§ 604. Lines of credit

(a) In General.—
(1) Agreements.— Subject to paragraphs (2) through (4), the Secretary may enter into agreements to make available lines of credit to 1 or more obligors in the form of direct loans to be made by the Secretary at future dates on the occurrence of certain events for any project selected under section 602.
(2) Use of proceeds.— The proceeds of a line of credit made available under this section shall be available to pay debt service on project obligations issued to finance eligible project costs, extraordinary repair and replacement costs, operation and maintenance expenses, and costs associated with unexpected Federal or State environmental restrictions.
(3) Risk assessment.— Before entering into an agreement under this subsection, the Secretary, in consultation with the Director of the Office of Management and Budget and each rating agency providing a preliminary rating opinion letter under section 602 (b)(2)(B), shall determine an appropriate capital reserve subsidy amount for each line of credit, taking into account such letter.
(4) Investment-grade rating requirement.— The funding of a line of credit under this section shall be contingent on the project’s senior obligations receiving an investment-grade rating from at least 1 rating agency.
(b) Terms and Limitations.—
(1) In general.— A line of credit under this section with respect to a project shall be on such terms and conditions and contain such covenants, representations, warranties, and requirements (including requirements for audits) as the Secretary determines appropriate.
(2) Maximum amounts.— The total amount of the line of credit shall not exceed 33 percent of the reasonably anticipated eligible project costs.
(3) Draws.— Any draw on the line of credit shall represent a direct loan and shall be made only if net revenues from the project (including capitalized interest but not including reasonably required financing reserves) are insufficient to pay the costs specified in subsection (a)(2).
(4) Interest rate.— The interest rate on a direct loan resulting from a draw on the line of credit shall be not less than the yield on 30-year United States Treasury securities as of the date of execution of the line of credit agreement.
(5) Security.— The line of credit—
(A) shall—
(i) be payable, in whole or in part, from tolls, user fees, or other dedicated revenue sources that also secure the senior project obligations; and
(ii) include a rate covenant, coverage requirement, or similar security feature supporting the project obligations; and
(B) may have a lien on revenues described in subparagraph (A) subject to any lien securing project obligations.
(6) Period of availability.— The full amount of the line of credit, to the extent not drawn upon, shall be available during the period beginning on the date of substantial completion of the project and ending not later than 10 years after that date.

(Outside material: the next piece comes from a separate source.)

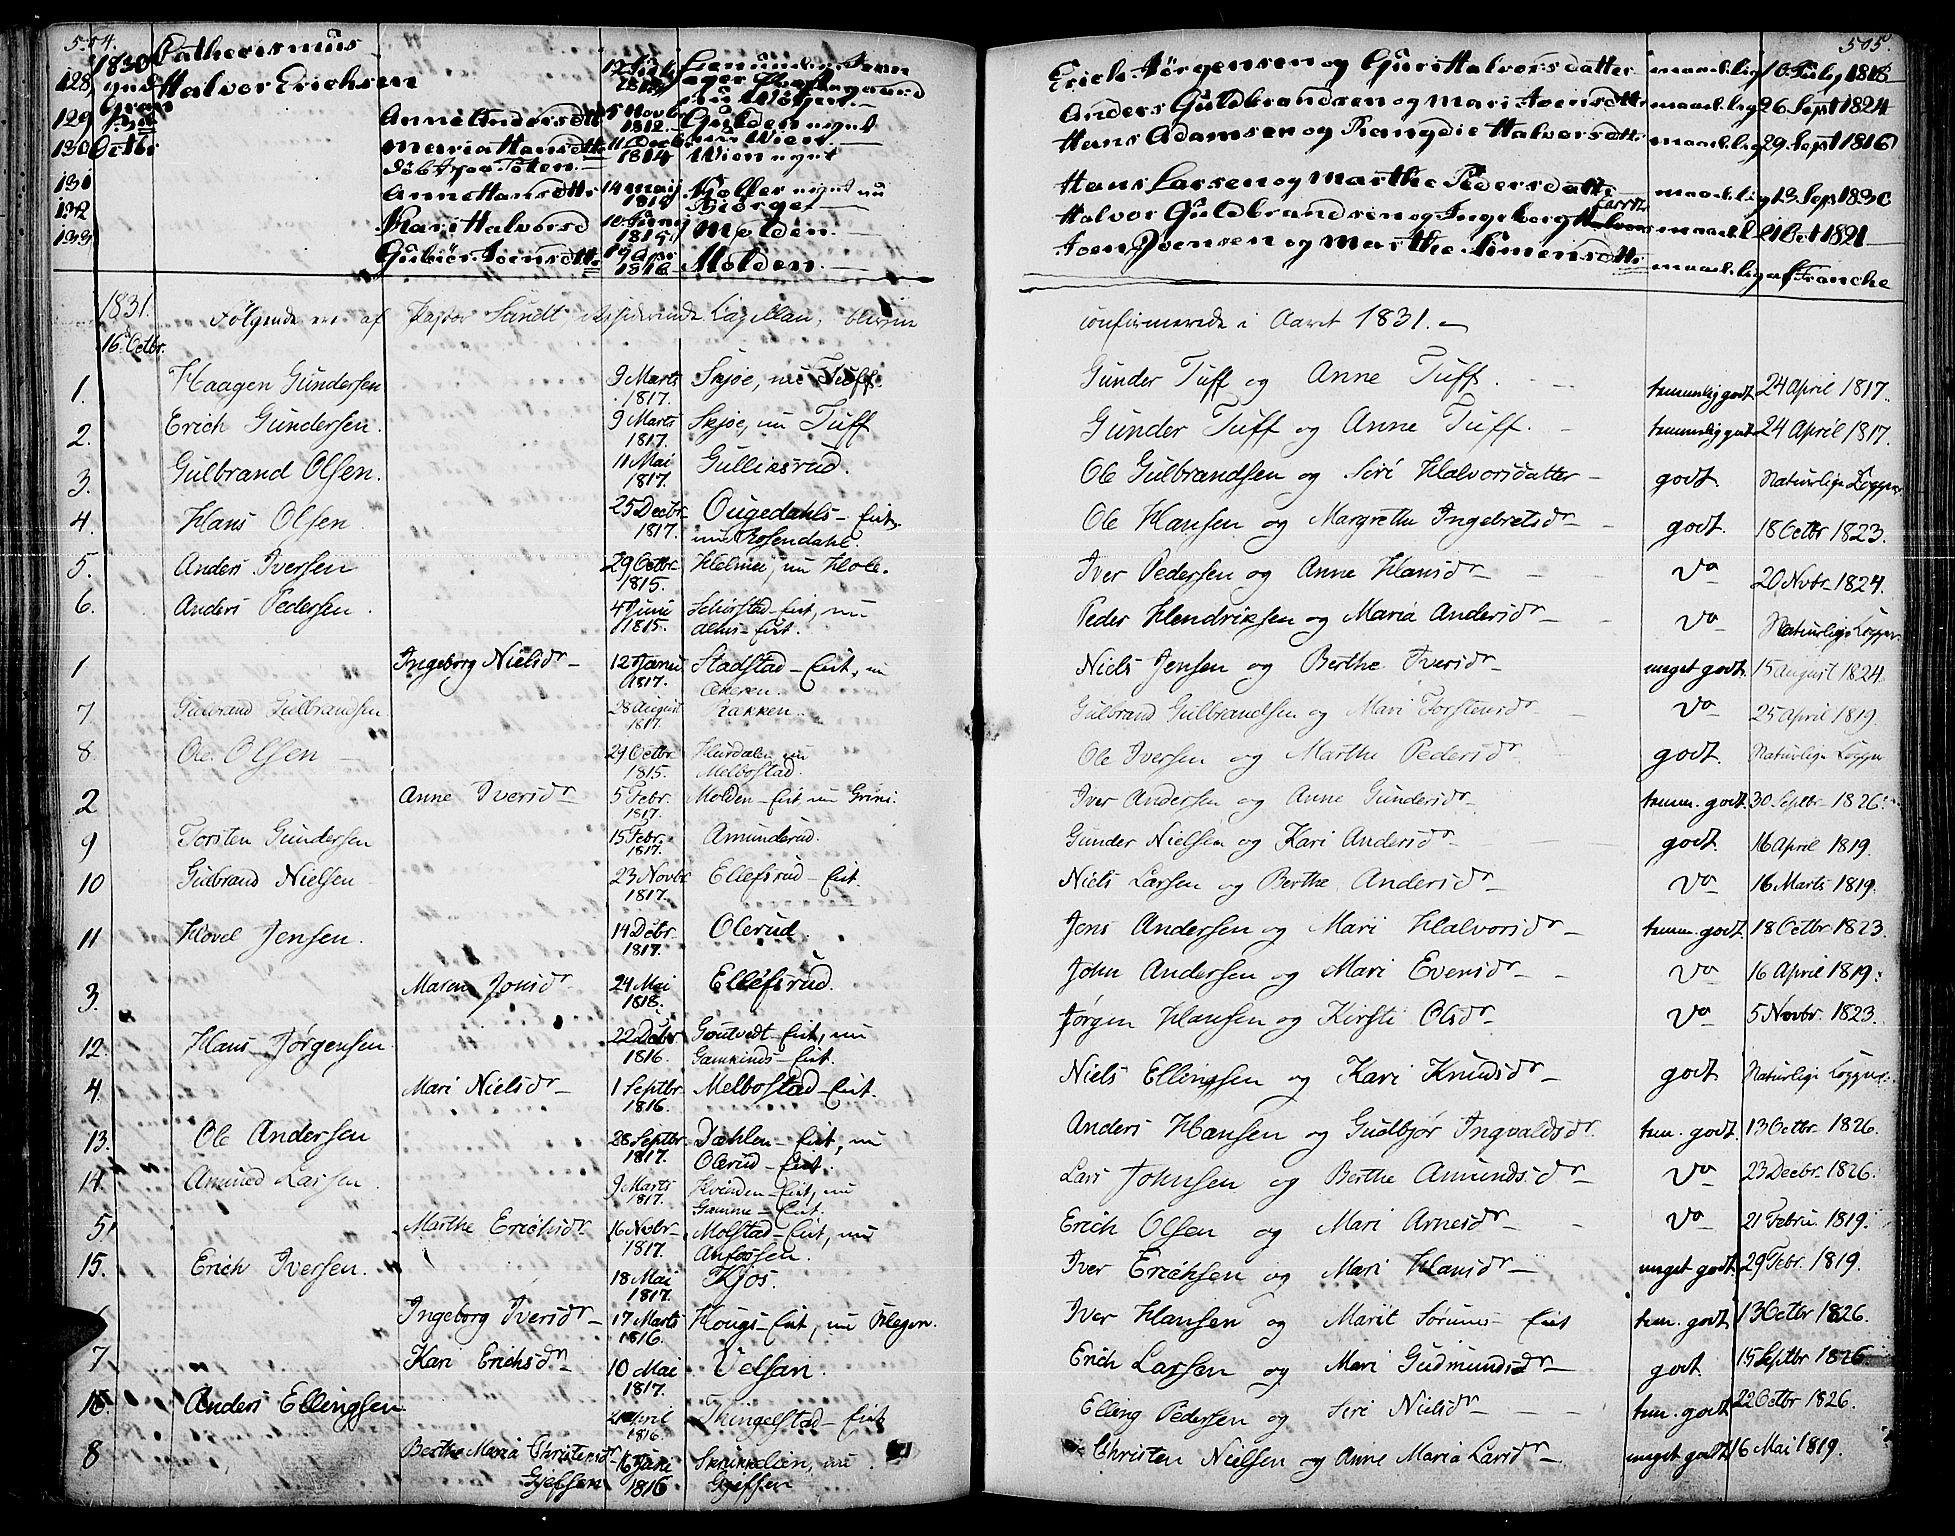 SAH, Gran prestekontor, Ministerialbok nr. 10, 1824-1842, s. 504-505

(7) Rights of third-party creditors.—
(A) Against federal government.— A third-party creditor of the obligor shall not have any right against the Federal Government with respect to any draw on the line of credit.
(B) Assignment.— An obligor may assign the line of credit to 1 or more lenders or to a trustee on the lenders’ behalf.
(8) Nonsubordination.— A direct loan under this section shall not be subordinated to the claims of any holder of project obligations in the event of bankruptcy, insolvency, or liquidation of the obligor.
(9) Fees.— The Secretary may establish fees at a level sufficient to cover all or a portion of the costs to the Federal Government of providing a line of credit under this section.
(10) Relationship to other credit instruments.— A project that receives a line of credit under this section also shall not receive a secured loan or loan guarantee under section 603 of an amount that, combined with the amount of the line of credit, exceeds 33 percent of eligible project costs.
(c) Repayment.—
(1) Terms and conditions.— The Secretary shall establish repayment terms and conditions for each direct loan under this section based on the projected cash flow from project revenues and other repayment sources.
(2) Timing.— All repayments of principal or interest on a direct loan under this section shall be scheduled to commence not later than 5 years after the end of the period of availability specified in subsection (b)(6) and to conclude, with full repayment of principal and interest, by the date that is 25 years after the end of the period of availability specified in subsection (b)(6).